Record linkage using InterSystems IRIS, Apache Zeppelin, and Apache Spark |

Article

Niyaz Khafizov · Oct 8, 2018 16m read

#AI #Analytics #Beginner #Machine Learning #Python #InterSystems IRIS

Hi all. We are going to find duplicates in a dataset using Apache Spark Machine Learning algorithms.

Note: I have done the following on Ubuntu 18.04, Python 3.6.5, Zeppelin 0.8.0, Spark 2.1.1

Introduction

In previous articles we have done the following:

In this series of articles, we explore Machine Learning and record linkage.

Imagine that we merged databases of neighboring shops. Most probably there will be records that are very similar to each over. Some records will be of the same person and we call them duplicates. Our purpose is to find duplicates.

Why is this necessary? First of all, to combine data from many different operational source systems into one logical data model, which can then be subsequently fed into a business intelligence system for reporting and analytics. Secondly, to reduce data storage costs. There are some additional use cases.

Approach

What data do we have? Each row contains different anonymized information about one person. There are family names, given names, middle names, date of births, several documents, etc.

The first step is to look at the number of records because we are going to make pairs. The number of pairs equals n*(n-1)/2. So, if you have less than 5000 records, than the number of pairs would be 12.497.500. It is not that many, so we can pair each record. But if you have 50.000, 100.000 or more, the number of pairs more than a billion. This number of pairs is hard to store and work with.

So, if you have a lot of records, it would be a good idea to reduce this number. We will do it by selecting potential duplicates. A potential duplicate is a pair, that might be a duplicate. We will detect them based on several simple conditions. A specific condition might be like:

(record1.family_name == record2.familyName) & (record1.givenName == record2.givenName) & (record1.dateOfBirth == record2.dateOfBirth)

but keep in mind that you can miss duplicates because of strict logical conditions. I think the optimal solution is to choose important conditions and use no more than two of them with & operator. But you should convert each feature into one record shape beforehand. For example, there are several ways to store dates: 1985-10-10, 10/10/1985, etc convert to 10-10-1985(month-day-year).

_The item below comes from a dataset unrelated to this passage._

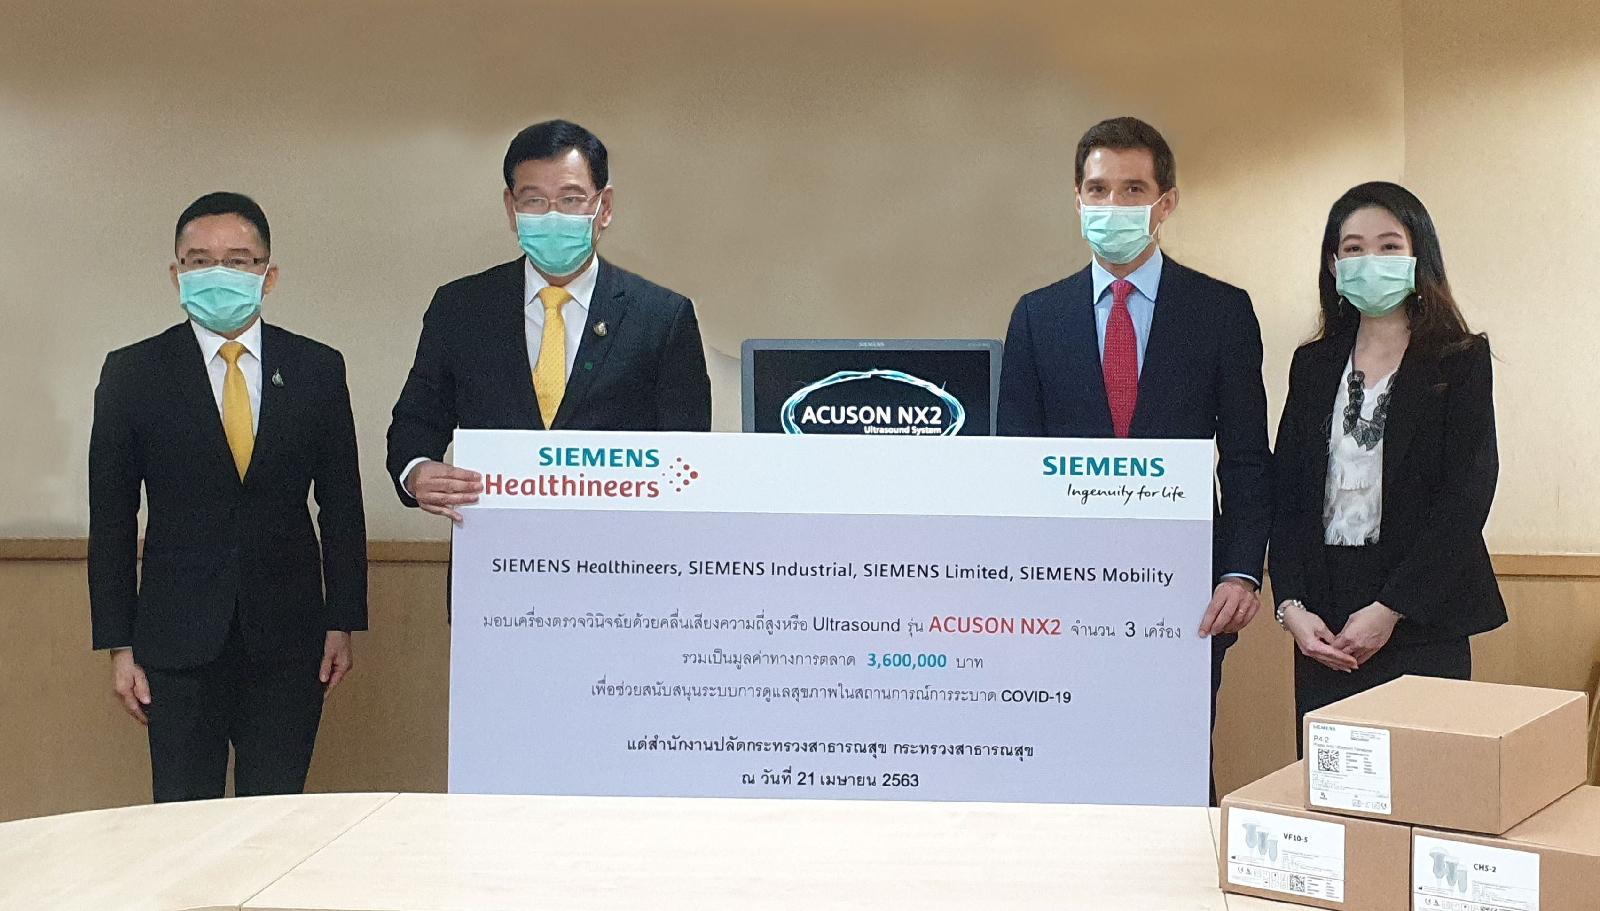 Siemens ในประเทศไทย เดินหน้าหนุนทีมแพทย์ร่วมสู้ COVID-19 ด้วยการบริจาคเครื่องอัลตราซาวด์

The next step is to label the part of the dataset. We will randomly choose, for example, 5000-10000 pairs (or more, if you are sure that you can label all of them). We will save them to IRIS and label these pairs in Jupyter (Unfortunately, I didn't find an easy and convenient way to do it. Also, you can label them in PySpark console or wherever you want).

After that, we will make a feature vector for each pair. During the labeling process probably you noticed which features are important and what they equal. So, test different approaches to creating feature vectors.

Test different machine learning models. I chose a random forest model because of tests (accuracy/precision/recall/etc). Also, you can try decision trees, Naive Bayes, other classification model and choose the one that will be the best.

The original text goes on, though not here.